Tumors of schwann cell origin include schwannoma and neurofibroma. Schwannomas are more common and most arise from the 8th cranial nerve. Neurofibromas are usually associated with neurofibromatosis. Acoustic neuromas originate on the vestibular division of the eighth cranial nerve just within the internal auditory canal. Bilateral lesions are common with NF 2. They usually present in middle-aged adults with a sensorineural hearing loss, but other symptoms include headache, vertigo, tinnitus, unsteady gait, and facial weakness. Large tumors may fill the cerebellopontine angle cistern and compress adjacent brain structures, producing additional symptoms.

Most schwannomas are isointense to the brain on MR images, but some are distinctly hyperintense with T2-weighted sequences. Occasionally, a schwannoma will be hyperintense on T1-weighted images owing to foci of hemorrhage. They may be heterogeneous on T2-weighted images as well, particularly the larger ones, due to necrosis, hemorrhagic components, and occasional calcification. With small intracanalicular tumors, partial voluming effects may result in uneven signal intensity.

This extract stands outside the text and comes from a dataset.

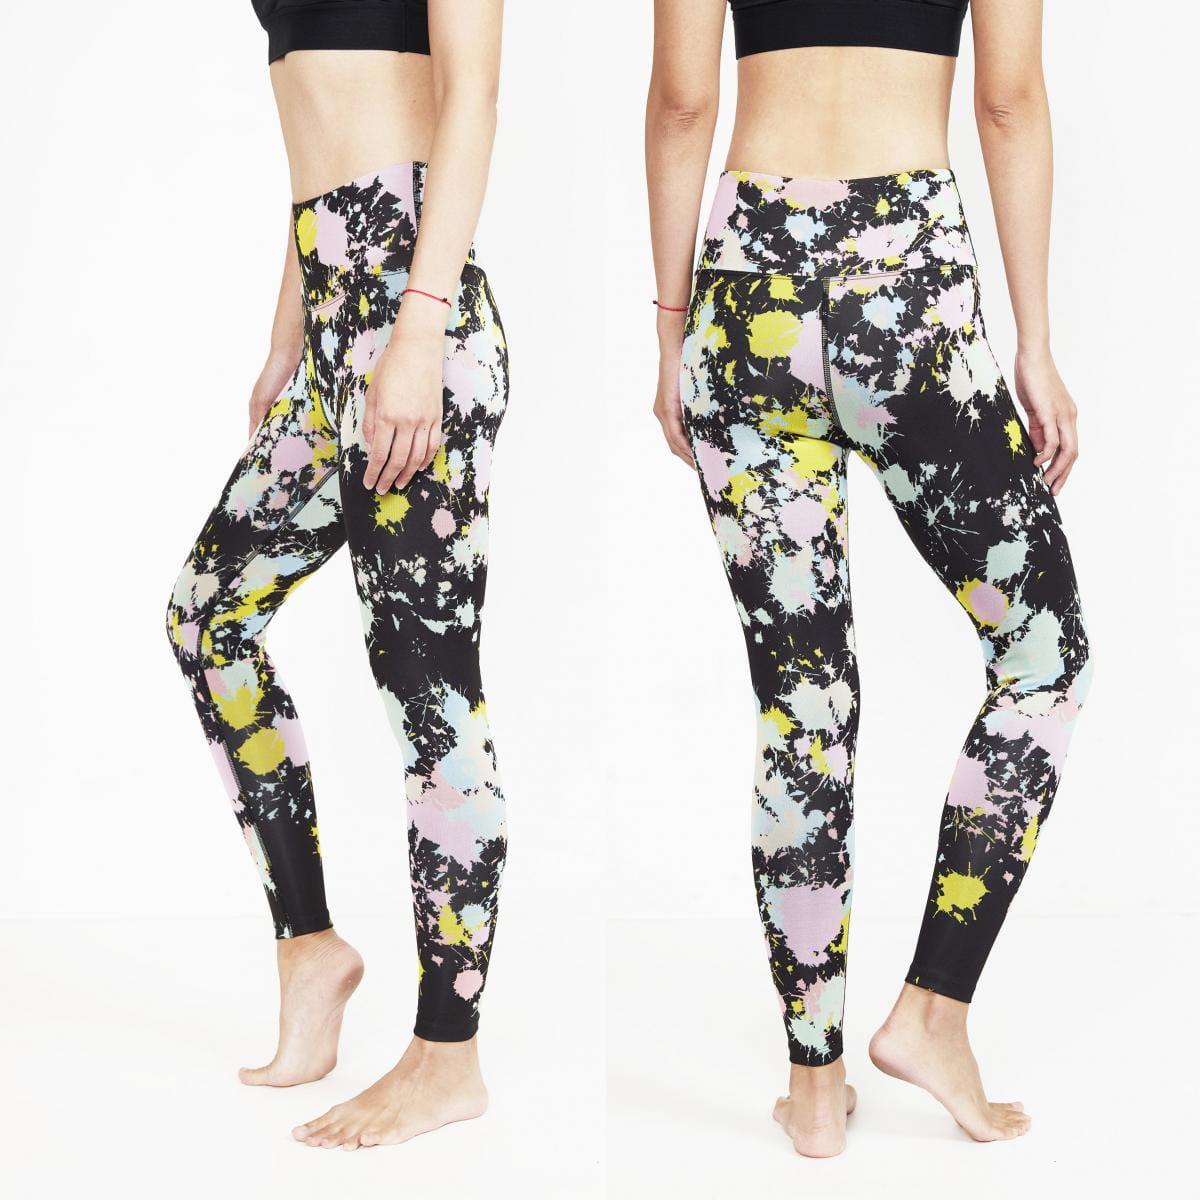 【ELASTI】典莎瑜珈褲(碘紗抗菌除臭機能)-恣意揮灑 2

Gadolinium causes approximately 50% shortening of the T1 relaxation time of schwannomas, making them appear very bright on T1-weighted images. Those lesions that are heterogeneous on plain scan will likely exhibit heterogeneous enhancement as well.

Meningioma

Meningiomas originate from the dura or arachnoid and occur in middle-aged adults. In the posterior fossa, most meningiomas are found in the cerebellopontine angle. Women are affected twice as often as men. Meningiomas are well-differentiated, benign, and encapsulated lesions that indent the brain as they enlarge. They grow slowly and may be present for many years before producing symptoms. The histologic picture shows cells of uniform size that tend to form whorls or psammoma bodies. They are hypervascular, receiving their blood supply predominantly from dural vessels.

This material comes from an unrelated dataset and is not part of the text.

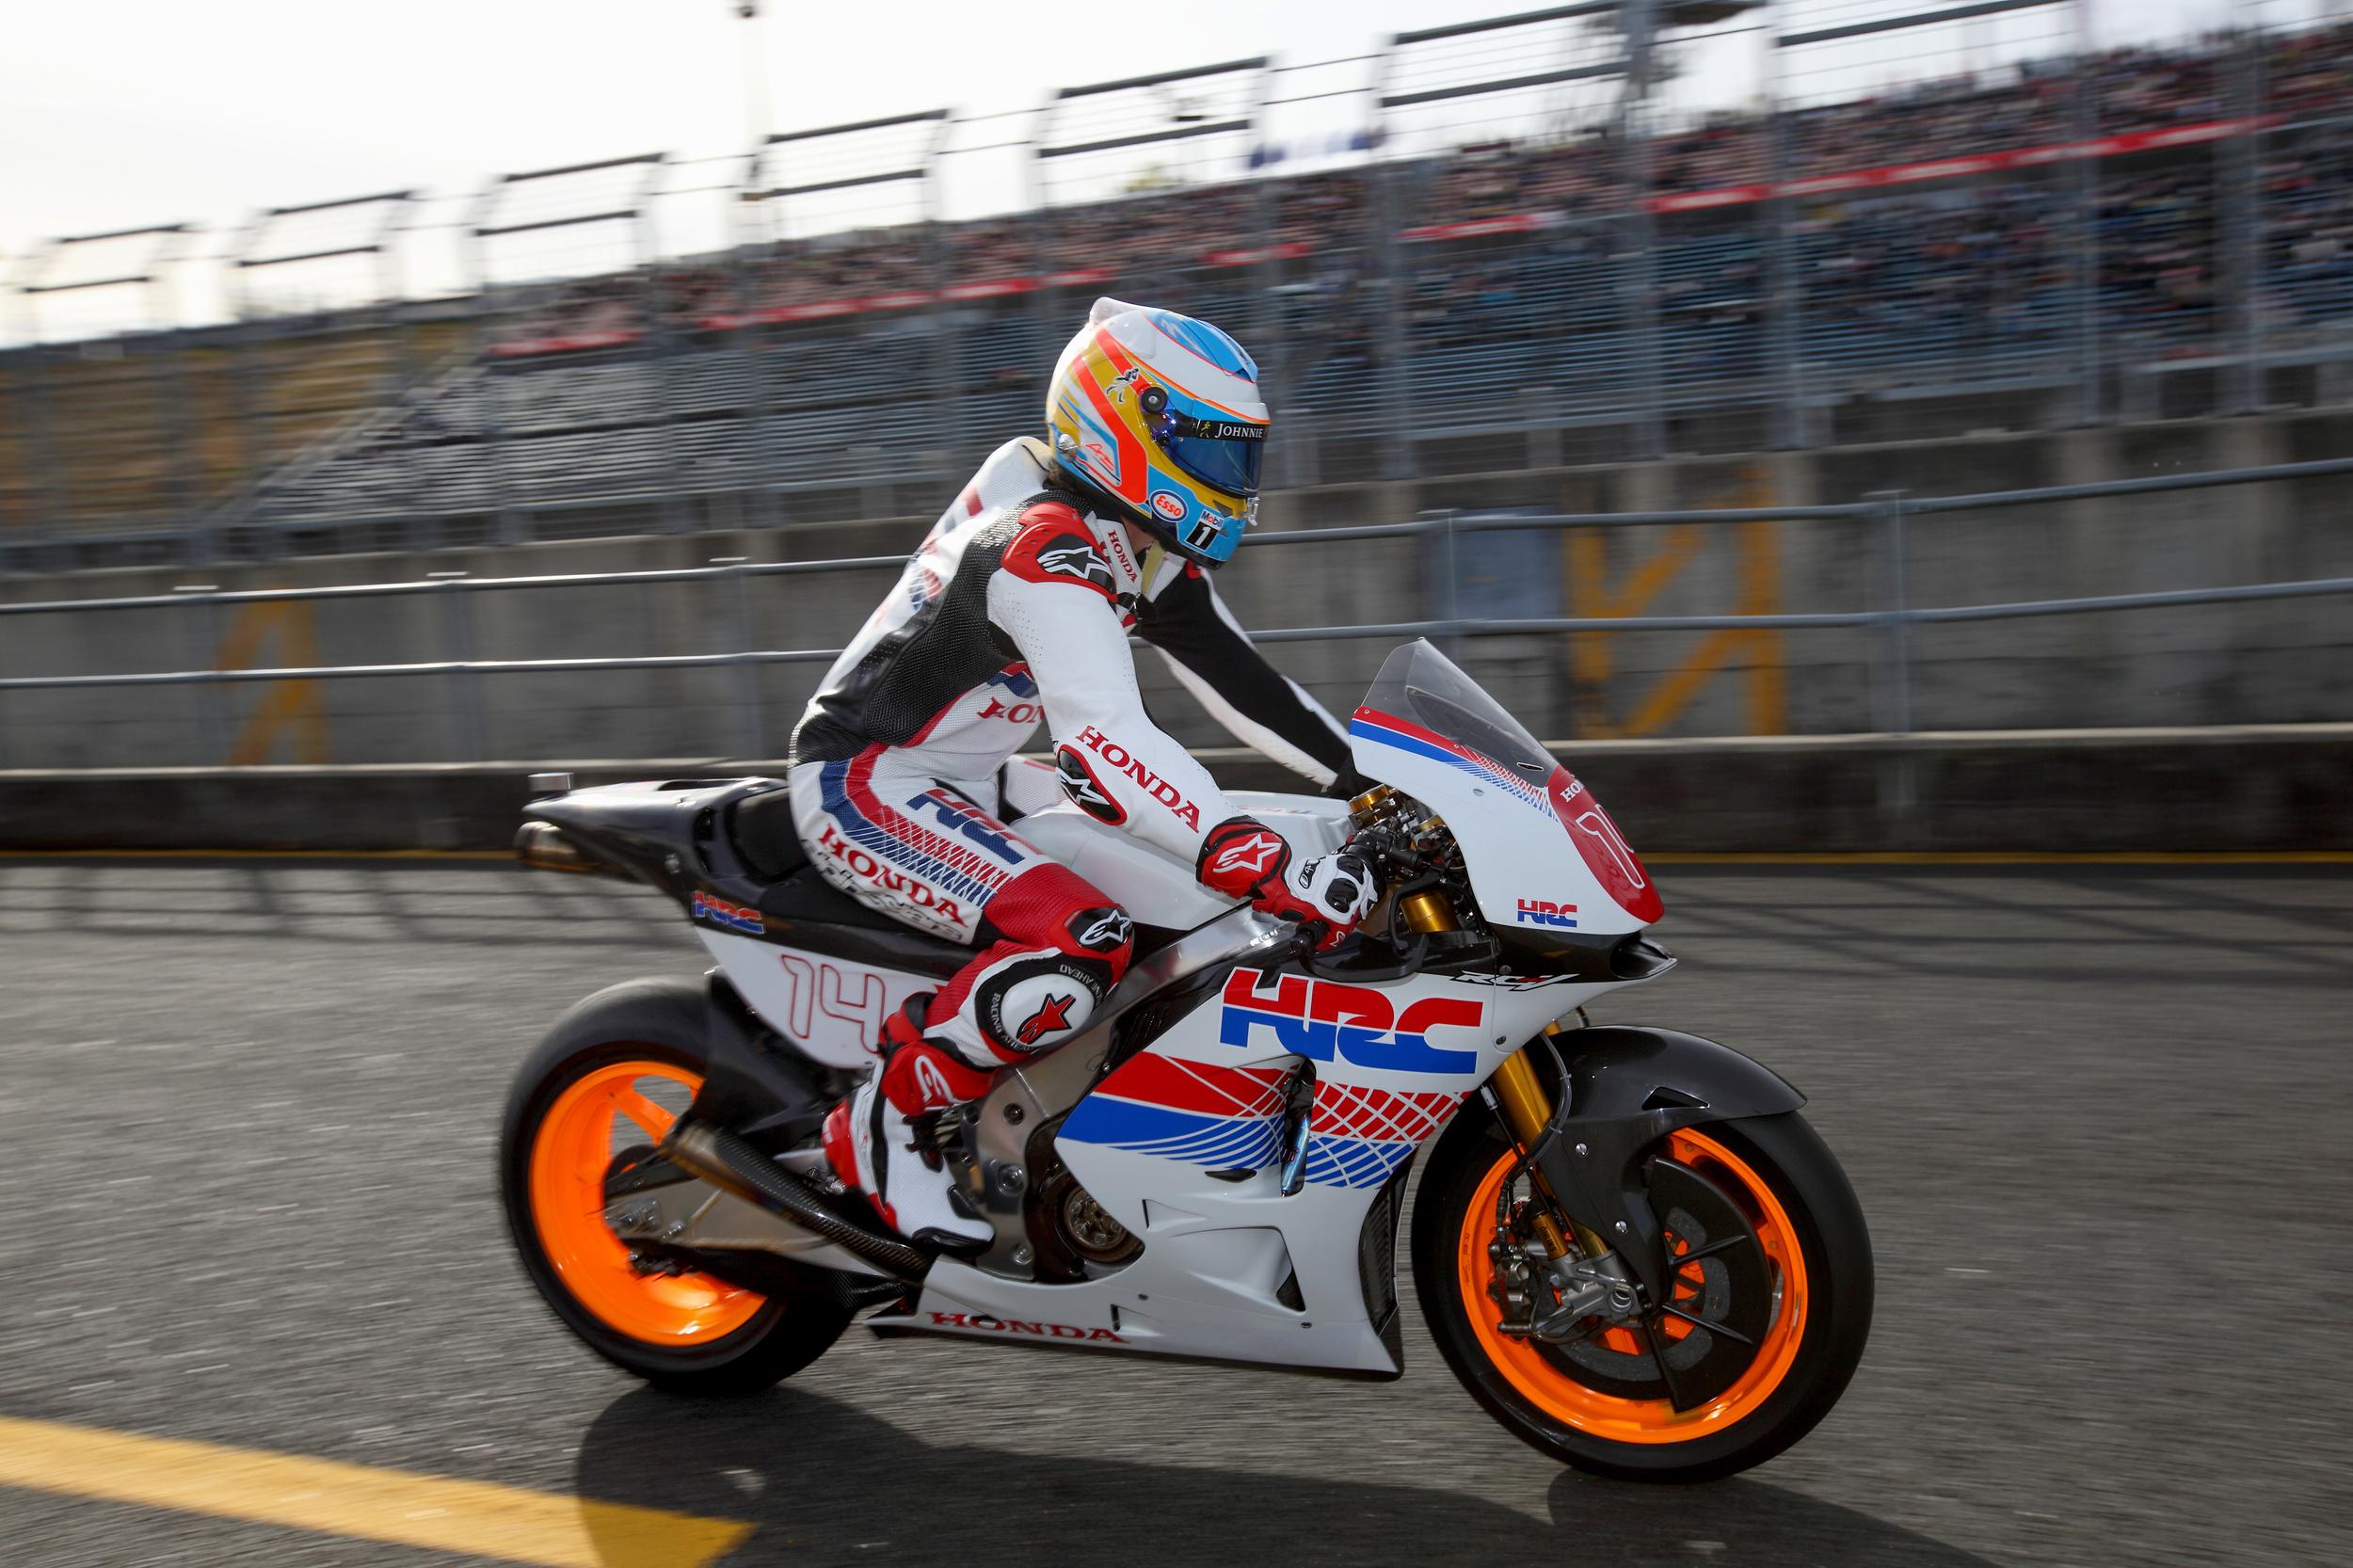 Fernando Alonso Rode Honda RC213V 1

Most meningiomas are isointense with cortex on T1- and T2-weighted images. A heterogeneous internal texture is found in all but the smallest meningiomas. The mottled pattern is likely due to a combination of flow void from vascularity, focal calcification, small cystic foci, and entrapped CSF spaces. Hemorrhage is not a common feature. An interface between the brain and the lesion is often present, representing a CSF cleft, a vascular rim, or a dural margin. MR has special advantages over CT in assessing venous sinus involvement and arterial encasement. Occasionally, a densely calcified meningioma is encountered that is distinctly hypointense on all pulse sequences.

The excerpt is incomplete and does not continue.